Prédiction de structure tridimensionnelle de molécules d’ARN par minimisation de regret
Time: 14:00 -- Location: LRI, 435, salle des theses
Cette soutenance aura lieu Vendredi 29 Avril 2016 à 14h00 Adresse de la soutenance : Université Paris Sud, Bât 650 Ada Lovelace, 91405 Orsay Cedex France - salle Salle 435
devant le jury composé de : Johanne COHEN Chargée de recherche Université Paris Sud 11 - Laboratoire LRI CoDirecteur de thèse
Alain DENISE Professeur des Universités Université Paris Sud 11 - Laboratoire LRI CoDirecteur de thèse
Dominique BARTH Professeur des Universités Université de Versailles -Laboratoire DAVID CoDirecteur de thèse
Christoph DÜRR Directeur de recherche Université Pierre et Marie Curie - Laboratoire LIP6 Rapporteur
Jérôme WALDISPÜHL Professeur McGill University - School of Computer Science Rapporteur
Raphaël GUEROIS Chercheur CEA Paris Saclay - I2BC Examinateur
Alessandra CARBONE Professeur des Universités Université Pierre et Marie Curie - Laboratoire de Biologie Computationnelle et Quantitative Examinateur
Stefano MORETTI Chargé de recherche Université Paris-Dauphine - Laboratoire LAMSADE Examinateur
Mots clés en français : ARN,structure 3D,théorie des jeux,minimisation de regret,potentiel statistique,discrétisation de l'espace
Résumé de la thèse en français :
Les fonctions d'une molécule d'ARN dans les processus cellulaires sont très étroitement liées à sa structure tridimensionnelle.

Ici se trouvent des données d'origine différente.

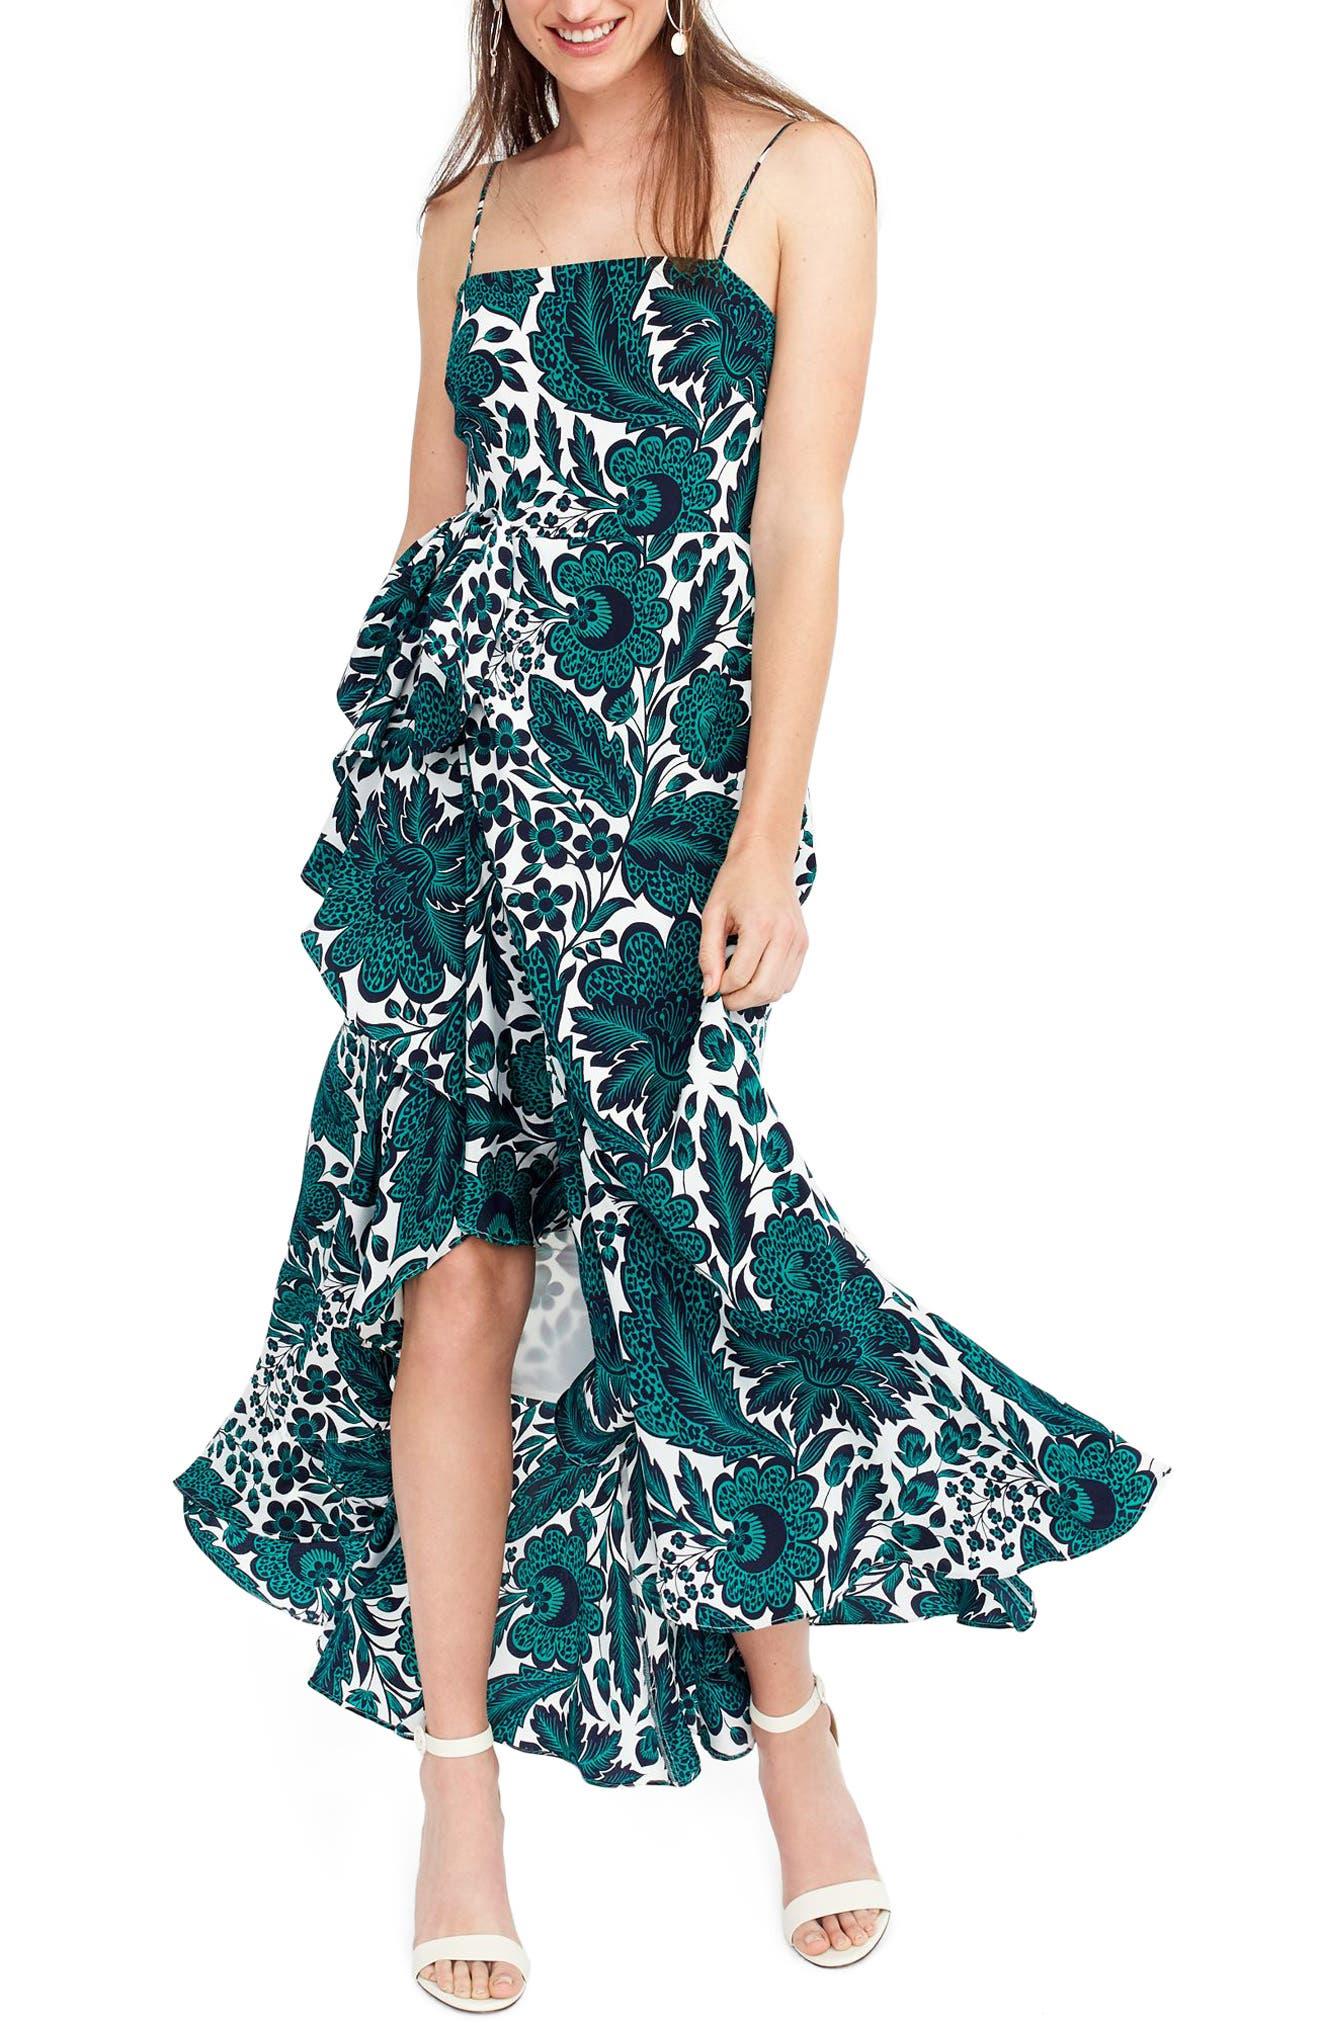 J.Crew Ruffle High/Low Silk Dress,                         Main,                         color, Navy Green
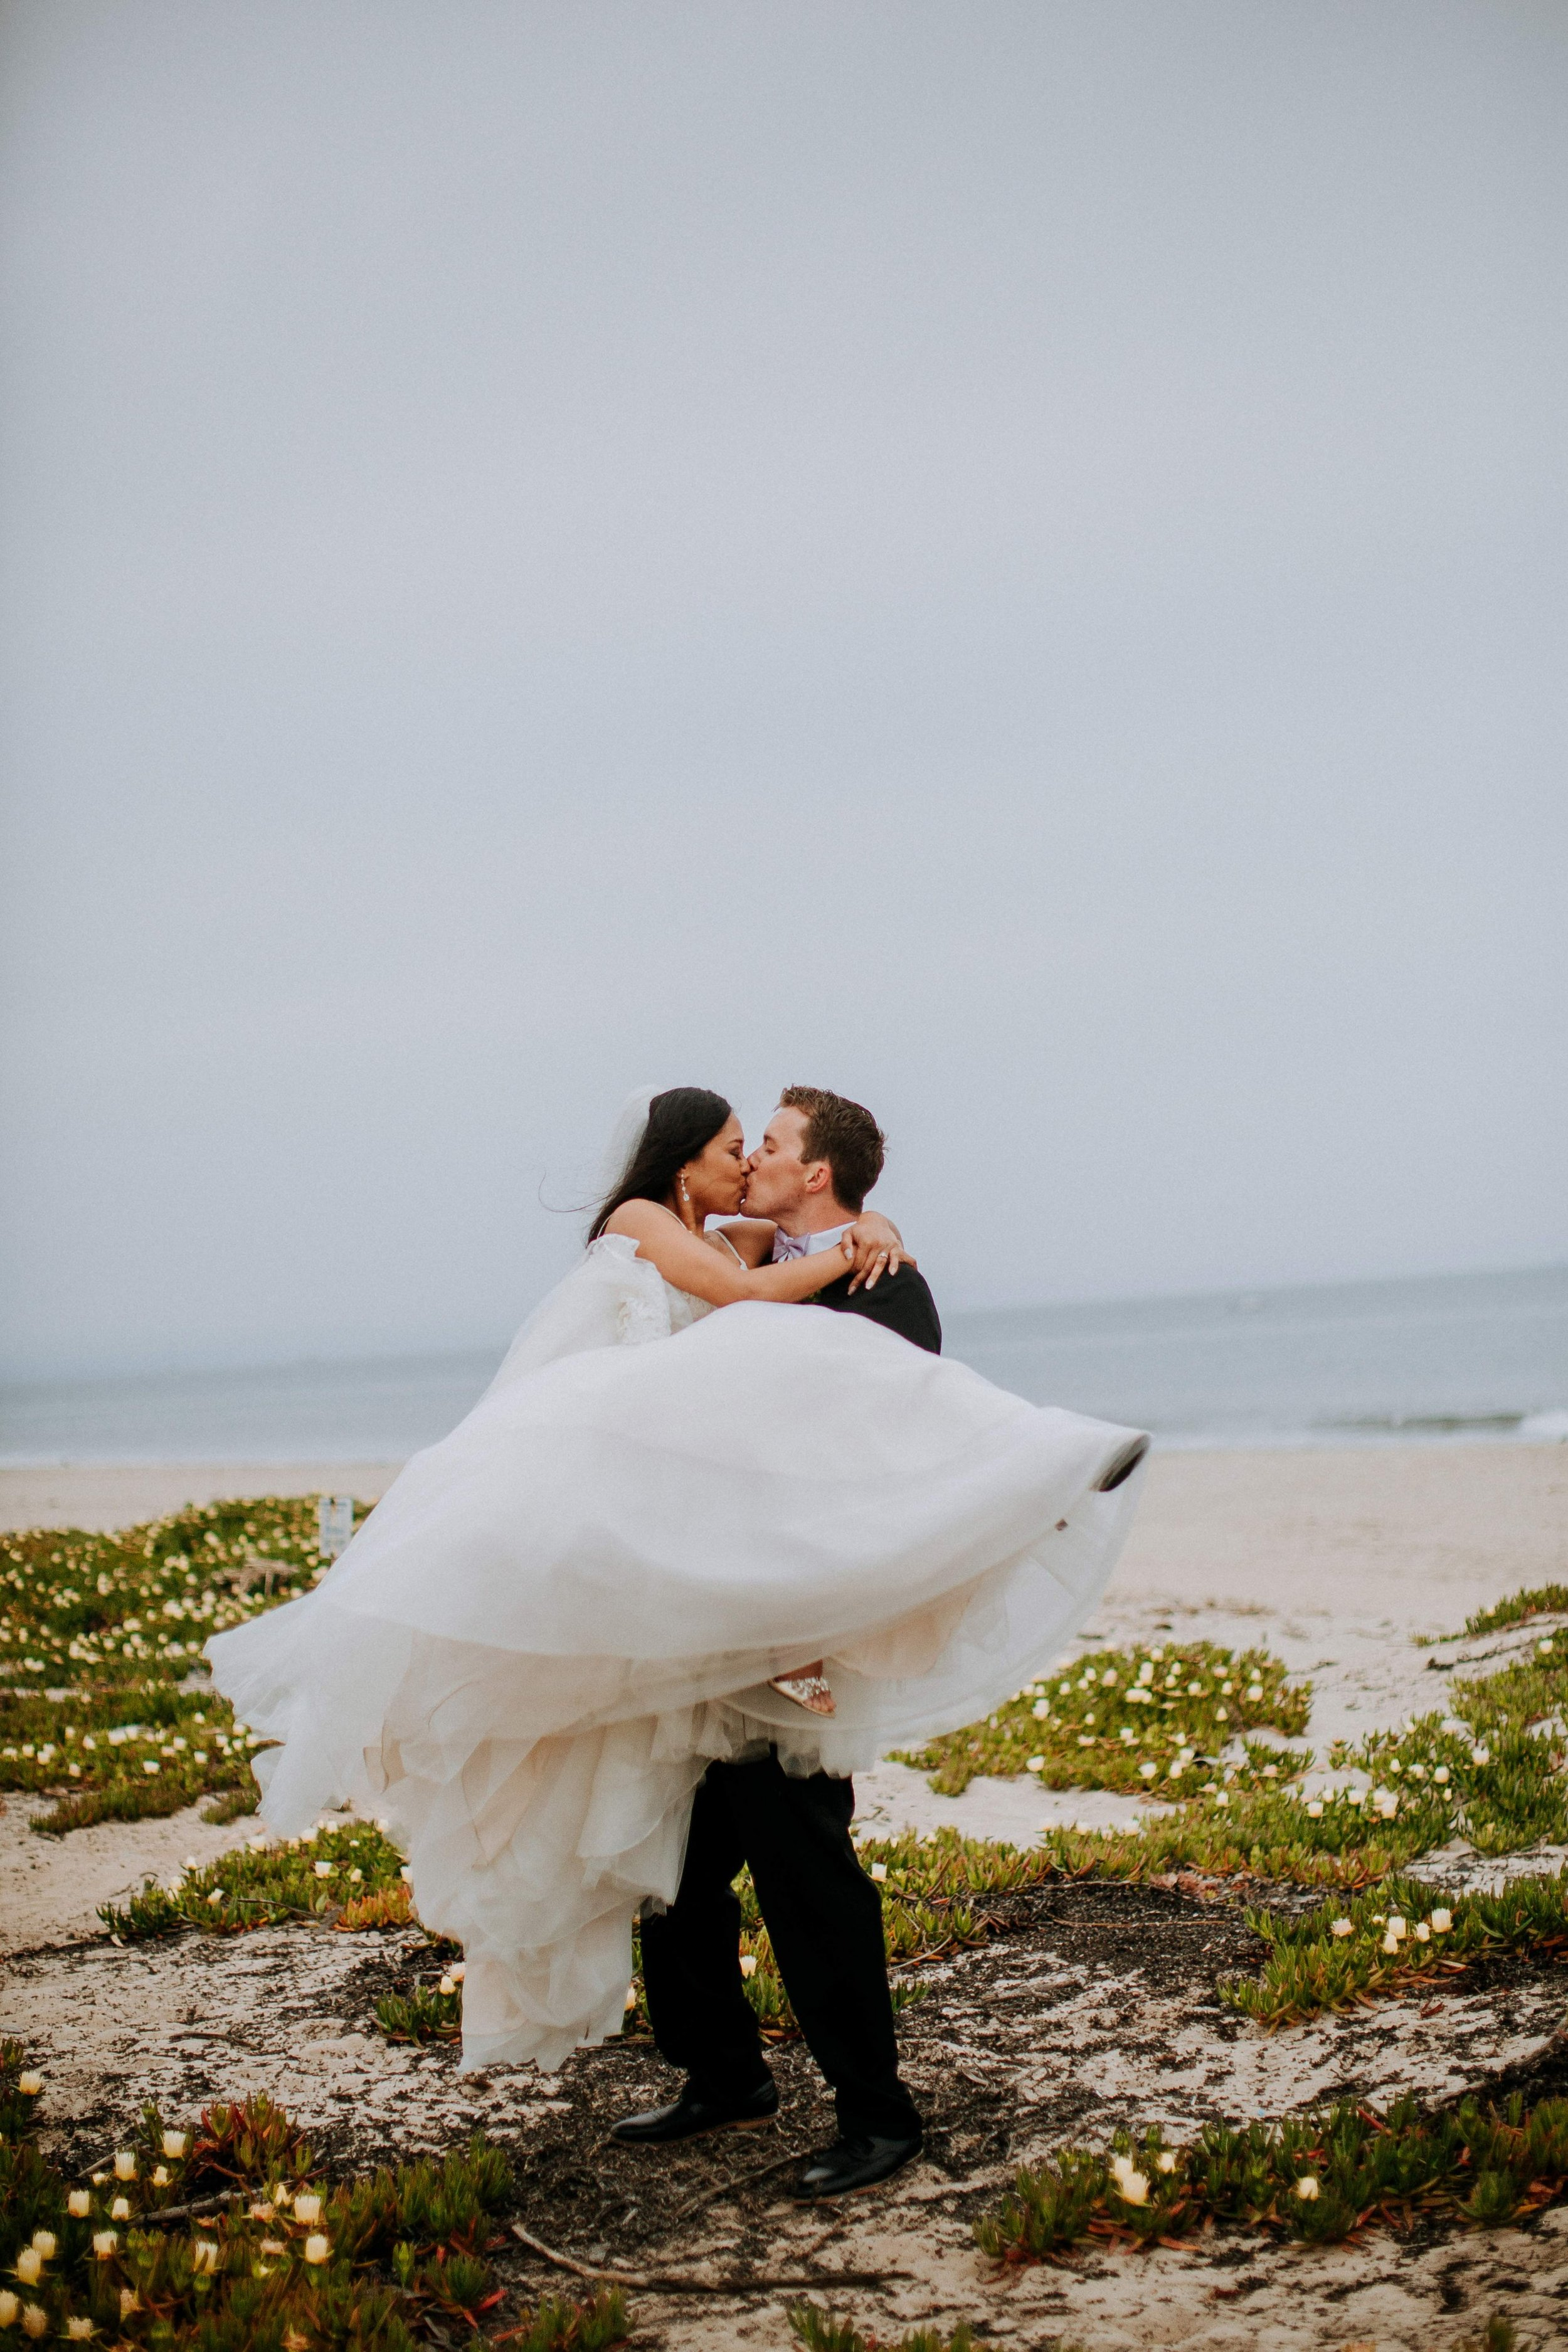 www.santabarbarawedding.com | Candice Marie Photography | Hilton Santa Barbara Beachfront Resort | Dalina Klan | Once in a Lifetime Weddings | Bride and Groom Share a Kiss on the Beach

Il est donc essentiel de pouvoir prédire cette structure pour étudier sa fonction. Le repliement de l'ARN peut être vu comme un processus en deux étapes : le repliement en structure secondaire, grâce à des interactions fortes, puis le repliement en structure tridimensionnelle par des interactions tertiaires. Prédire la structure secondaire a donné lieu à de nombreuses avancées depuis plus de trente ans. Toutefois, la prédiction de la structure tridimensionnelle est un problème bien plus difficile. Nous nous intéressons ici au problème de prédiction de la structure 3D d'ARN sous la forme d'un jeu. Nous représentons la structure secondaire de l'ARN comme un graphe : cela correspond à une modélisation à gros grain de cette structure. Cette modélisation permet de réaliser un jeu de repliement dans l'espace. Notre hypothèse consiste à voir la structure 3D comme un équilibre en théorie des jeux. Pour atteindre cet équilibre, nous utiliserons des algorithmes de minimisation de regret. Nous étudierons aussi différentes formalisations du jeu, basées sur des statistiques biologiques. L'objectif de ce travail est de développer une méthode de repliement d'ARN fonctionnant sur tous les types de molécule d'ARN et obtenant des structures similaires aux molécules réelles. Notre méthode, nommée GARN, a atteint les objectifs attendus et nous a permis d'approfondir l'impact de certains paramètres pour la prédiction de structure à gros grain des molécules.